Understanding the new health care law and what it means for you
Health care is sure to be a hot topic throughout 2013. With existing and upcoming effects from the Affordable Care Act, many Americans face changes when it comes to their health and their insurance plans. The law is confusing and the changes are complex. It’s important to understand how this law will affect your health care and what you personally need to do in the future.
“About 50 percent of the American population will have to make some type of choice in regard to their health plan coverage in the next year,” says Steven Zaleznick, lead of development at HealthPocket, an easy-to-use website offering unbiased health insurance options. “There are many important parts of the law, and some of those changes drastically affect how consumers purchase and use health insurance.”

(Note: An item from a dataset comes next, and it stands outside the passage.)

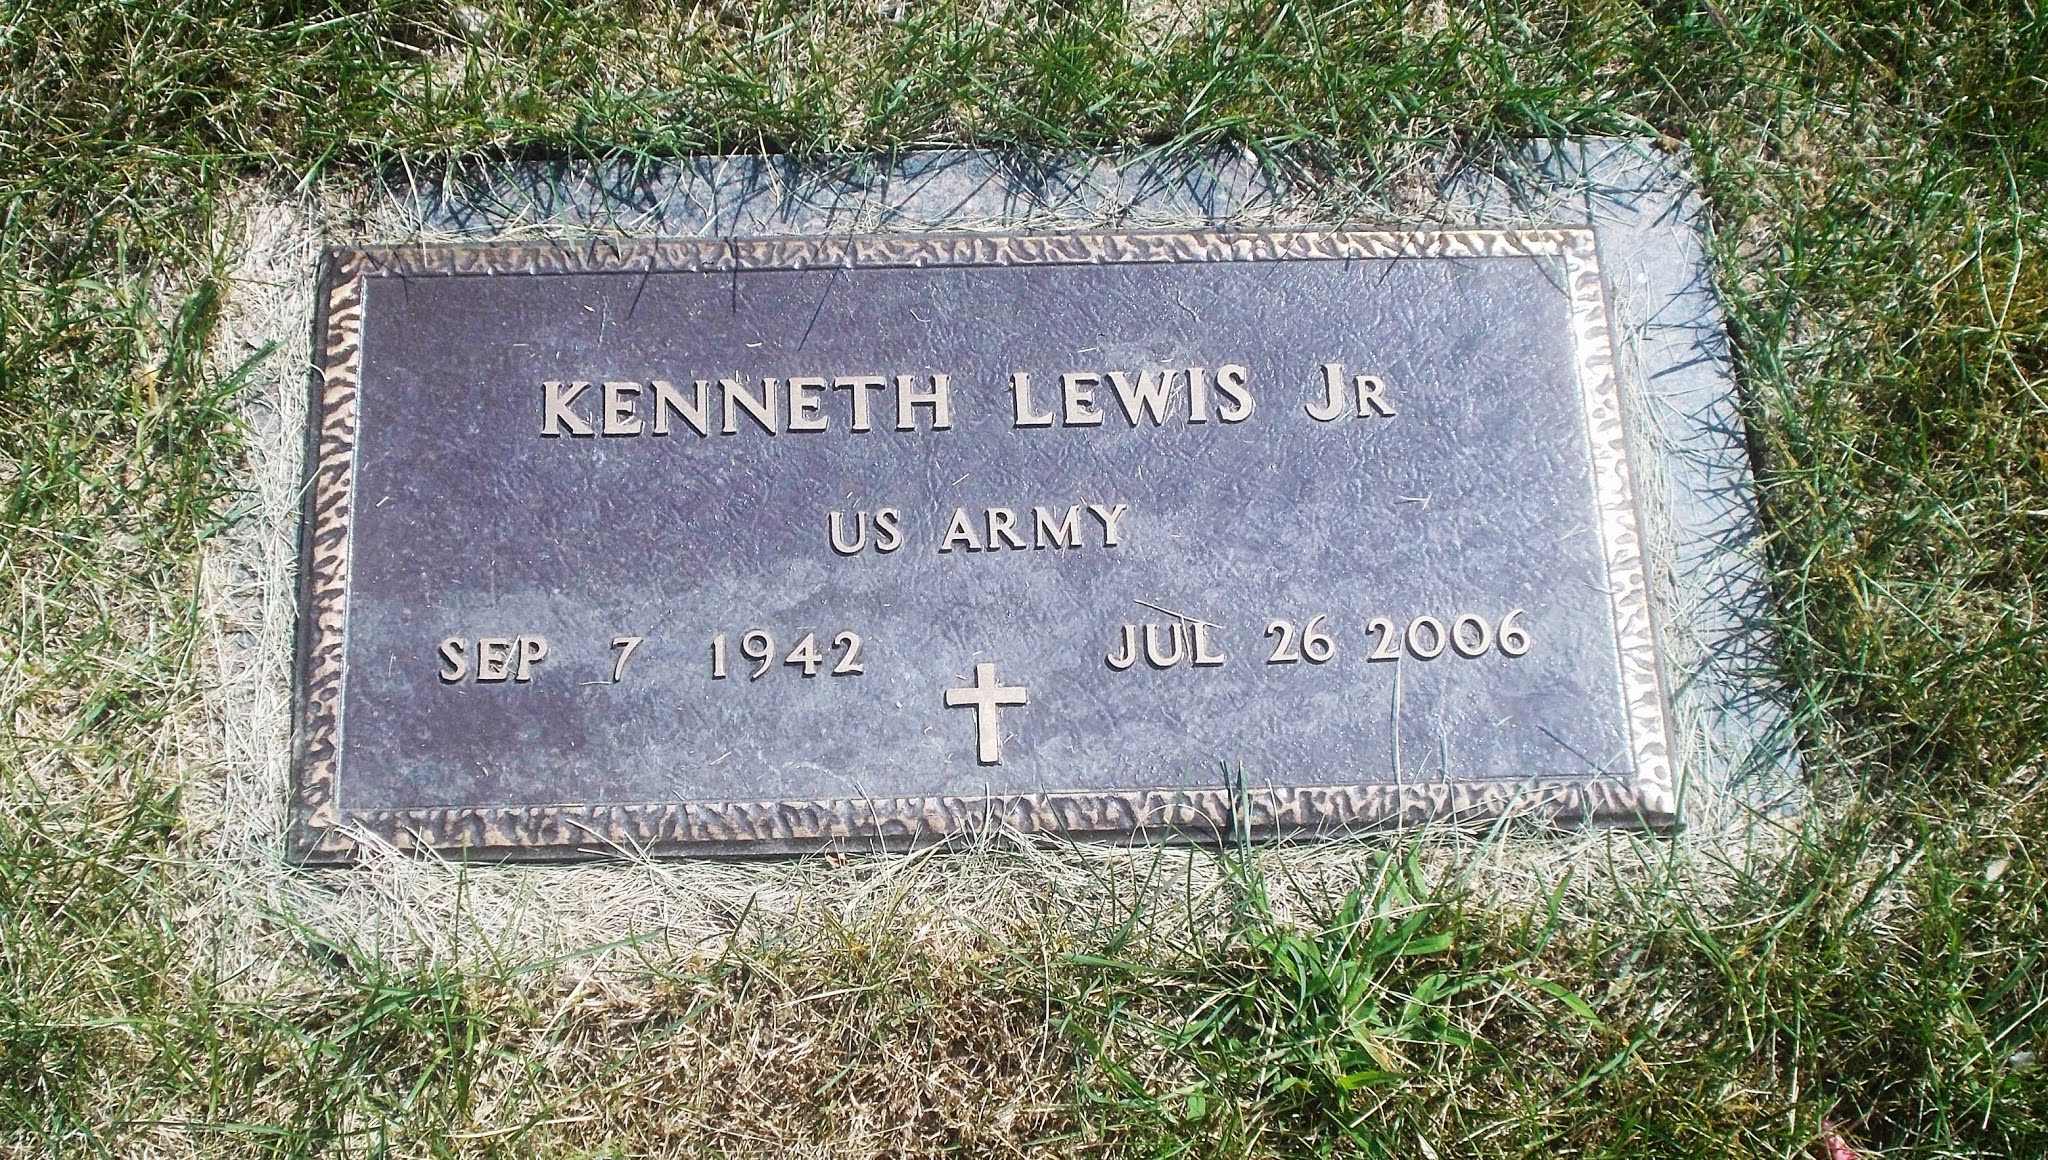 Kenneth Lewis, Jr
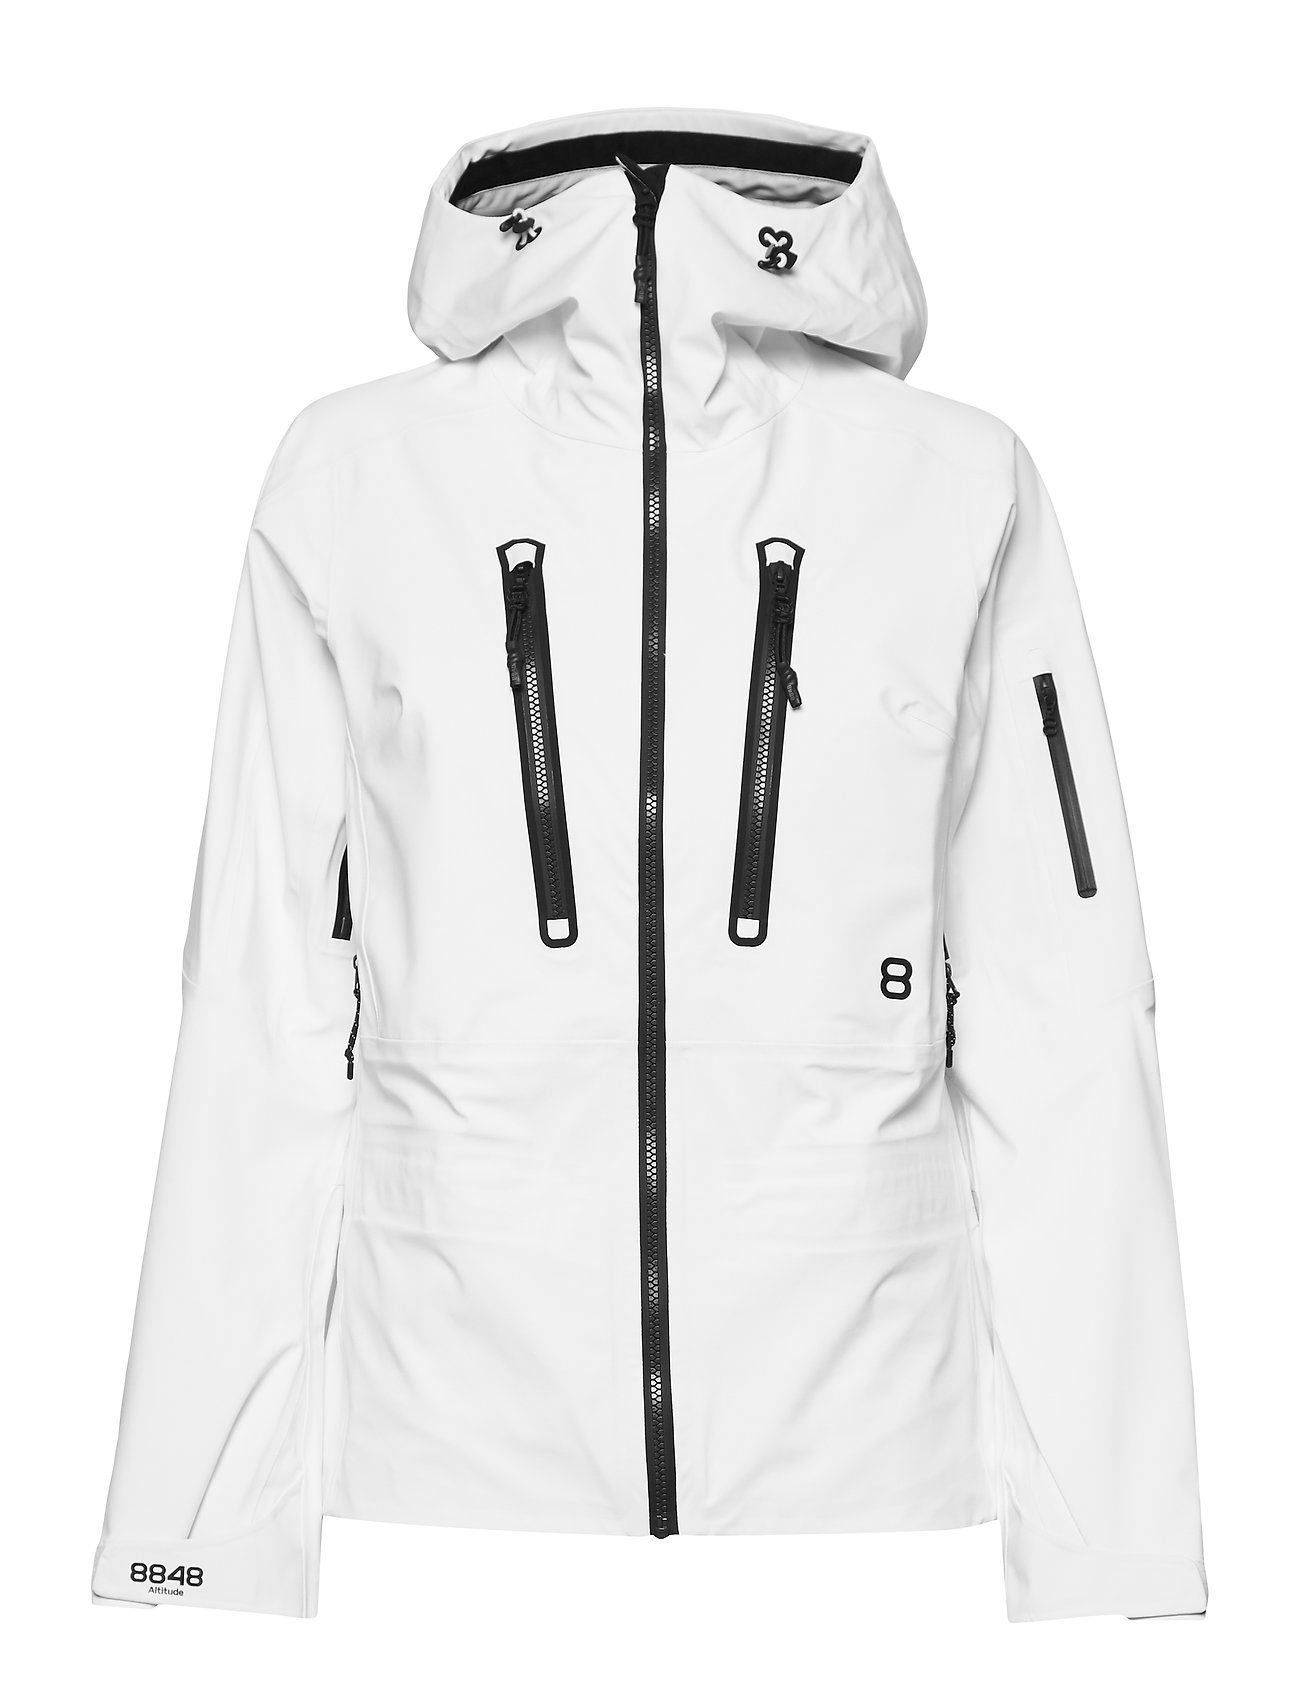 8848 Altitude jakker – Pow W Jacket Outerwear Sport Jackets Hvid 8848 Altitude til dame Sort - Pashion.dk

Some important changes of the new health care law that directly affect consumers include:
1. No denial for pre-existing conditions
Previously, many of the people who needed insurance the most were denied coverage due to a pre-existing condition, which is a health condition that existed prior to applying for coverage. In 2014 all health insurance applications will be reviewed on a “guaranteed issue” basis where poor health or prior medical conditions cannot be used to deny an application.
2. Elimination of lifetime benefit limits
Insurance companies can no longer put lifetime caps on benefits. This is good news particularly for people with chronic diseases that require expensive ongoing treatment as well as those who have had a serious medical event such as a stroke that brought with it high medical costs during the time of treatment and rehabilitation.
3. Subsidies for qualifying families
Starting next year, tax credits will be issued to help make health insurance more affordable. If your income is up to 400 percent of the poverty line and affordable insurance is not available to you, such as through your employer, you will receive credits. For reference, the 2012 poverty guidelines for one person is $11,170 in the 48 contiguous states, according to the U.S. Department of Health and Human Services. People at or slightly above the poverty line will qualify for Medicaid coverage.
4. Penalties for the uninsured
Under the new law, everyone must carry health insurance by Jan. 1, 2014 or pay a penalty. Employers of 50 or more people are required to provide health insurance to employees or pay a fee that roughly amounts to $2,000 for every employee beyond 30 employees.
“Whether you are self-employed, unemployed, work at a small company that doesn’t offer insurance, or are a senior who needs to make an annual Medicare choice, there are options available that meet your specific needs,” says Zaleznick. “Because the changes are bringing new opportunities and challenges to consumers, it’s a perfect time to stay informed about how you can make good choices.”
Health insurance provides peace of mind and can cover preventative care as well as major health concerns. It helps you avoid the high costs of treating a serious condition, which for some has even resulted in bankruptcy. Researching and getting health insurance now ensures you make the best decision you can for 2013 and prepares you for the changes to come in 2014.
Websites like www.HealthPocket.com make the seemingly complex task of finding health insurance simple. This free service allows users to enter their basic information and search health insurance options available in their area. All you need is your Zip code, no name or contact information, to start searching. It takes just minutes and you can easily sort by different plan features such as vision or maternity coverage.
The advantage of using an unbiased site like www.HealthPocket.com that is not affiliated with any insurance or drug company is you get to search through many different options that are independently ranked so you can find the best coverage for your budget and health situation. The site will continuously be updated with new information and options as the law’s changes continue to go into effect.
Making your health a priority is always important, and with the current and upcoming changes to our nation’s law, now is an important time to learn about your options to help ensure you live a long, healthy life.